ETD

Archivio digitale delle tesi discusse presso l'Università di Pisa

Tesi etd-09222009-103041


Tipo di tesi
Tesi di laurea vecchio ordinamento
Autore
ROZZIA, DAVIDE
URN
etd-09222009-103041
Titolo
Modelling of pellet-clad interaction during power ramp in water reactor fuel
Dipartimento
INGEGNERIA
Corso di studi
INGEGNERIA NUCLEARE
Relatori
relatore Dott. Del Nevo, Alessandro
relatore Prof. Oriolo, Francesco
relatore Prof. D'Auria, Francesco Saverio
Parole chiave
  • Transuranus code
  • PCI
  • SCC
  • TU
Data inizio appello
12/10/2009
Consultabilità
Non consultabile
Data di rilascio
12/10/2049
Riassunto
The comprehensive understanding of fuel rod behavior and accurate prediction of the lifetime in normal operation and in accident conditions are part of the defense in depth concept. The research in the field involves the availability of experimental data and the development of advanced computational tools suitable for a reliable, best estimate simulation of the fuel behavior.
In this connection, OECD NEA sets up the “public domain database on nuclear fuel performance experiments for the purpose of code development and validation – International Fuel Performance Experiments (IFPE) database”, with the aim of providing a comprehensive and well-qualified database on UO2 fuel with Zr cladding for models development and codes validation. This database includes the data sets of carried out at Studsvik in the framework of the Inter-Ramp BWR and Super-Ramp PWR Projects.
The phenomenon addressed in this activity is the pellet cladding interaction (PCI).
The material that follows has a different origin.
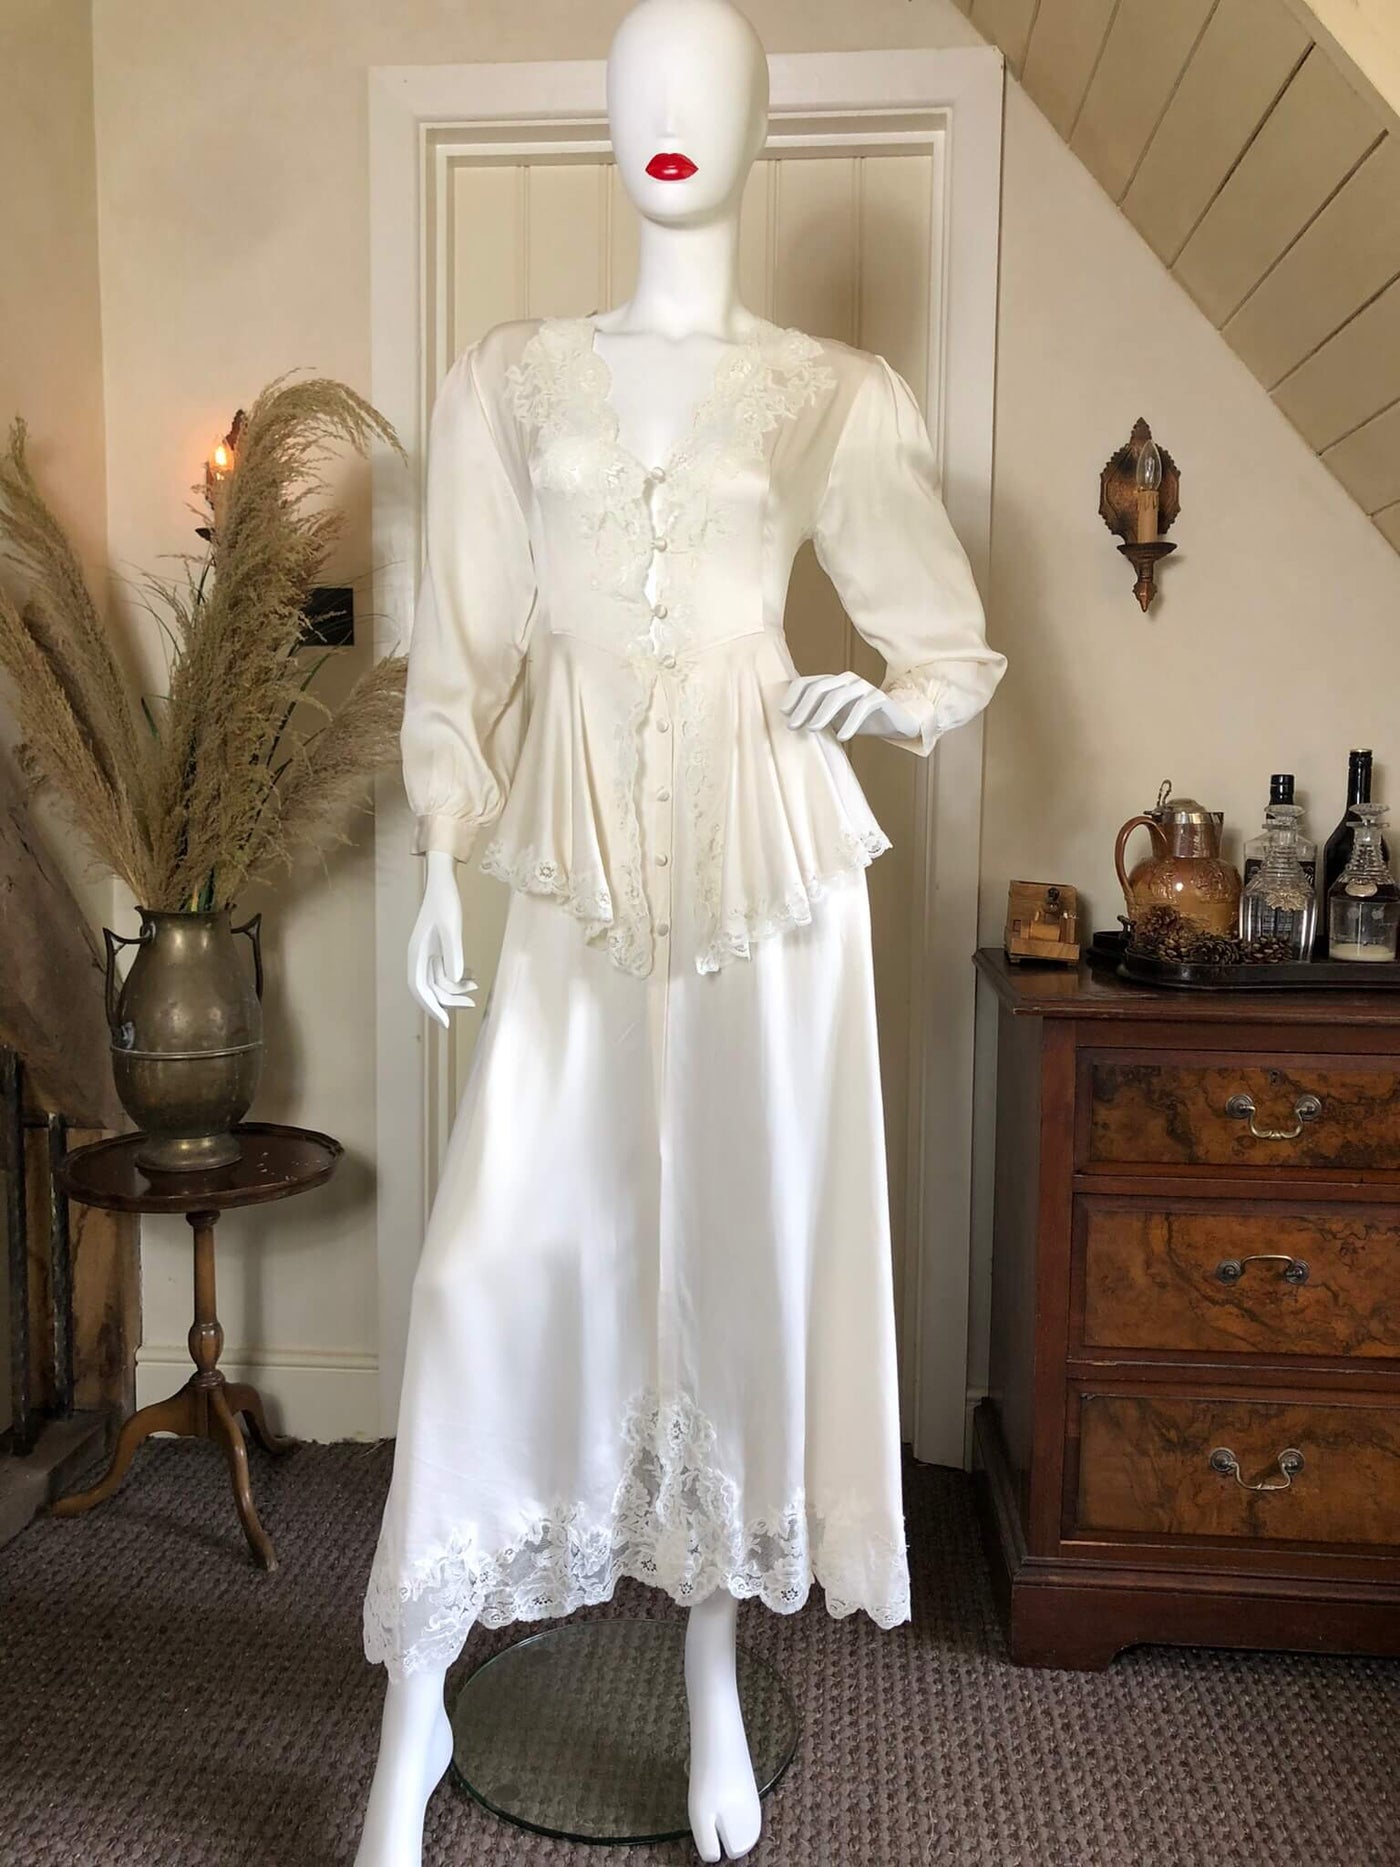 Ivory silk Janet Reger dress

In particular, special attention is given to the cladding failure during power ramps (stress corrosion cracking), caused by the combined effects of the clad stress occurring in the region of the pellets ends and the presence of aggressive fission products (e.g. iodine).
The first part of this work is focused in the descriptions of the phenomena occurring in fuel and cladding during normal irradiation and during power ramps in light water reactors.
In the second part the code TRANSURANUS version “v1m1j08” is assessed against the databases Inter-Ramp and Super-Ramp in order to verify the capability of the code in predicting the failures due to stress corrosion cracking and the associated phenomena prior and after ramps.
The results presented include the complete set of simulations of all rods irradiated in the Studvisk R2 reactor and the corresponding comparisons with the experimental data. Sensitivity calculations are also performed to address the influence of the boundary conditions implemented and the choice of the different code options on results.
Finally conclusions are presented with the aim to compare the results obtained from the two simulations.